--- RECORDS PROVIDED ---
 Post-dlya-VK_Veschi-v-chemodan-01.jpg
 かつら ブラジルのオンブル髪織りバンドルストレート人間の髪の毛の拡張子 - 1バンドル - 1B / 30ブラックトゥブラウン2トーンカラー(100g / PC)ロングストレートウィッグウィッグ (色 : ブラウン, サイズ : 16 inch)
---
--- RECORDS PROVIDED ---
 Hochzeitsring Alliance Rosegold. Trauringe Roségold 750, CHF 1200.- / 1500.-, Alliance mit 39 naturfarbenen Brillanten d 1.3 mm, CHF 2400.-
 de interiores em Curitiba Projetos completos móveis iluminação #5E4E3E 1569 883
---
--- RECORDS PROVIDED ---
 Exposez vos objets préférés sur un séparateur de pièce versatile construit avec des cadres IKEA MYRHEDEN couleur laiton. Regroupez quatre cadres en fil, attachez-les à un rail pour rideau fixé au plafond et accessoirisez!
---
REQUIRED ACTION |
From the records above, print only the lines between the one holding "Post-dlya-VK_Veschi-v-chemodan-01.jpg" and the one holding "かつら ブラジルのオンブル髪織りバンドルストレート人間の髪の毛の拡張子 - 1バンドル", inclusive, exactly as they stand.

ANSWER |
 Post-dlya-VK_Veschi-v-chemodan-01.jpg
 かつら ブラジルのオンブル髪織りバンドルストレート人間の髪の毛の拡張子 - 1バンドル - 1B / 30ブラックトゥブラウン2トーンカラー(100g / PC)ロングストレートウィッグウィッグ (色 : ブラウン, サイズ : 16 inch)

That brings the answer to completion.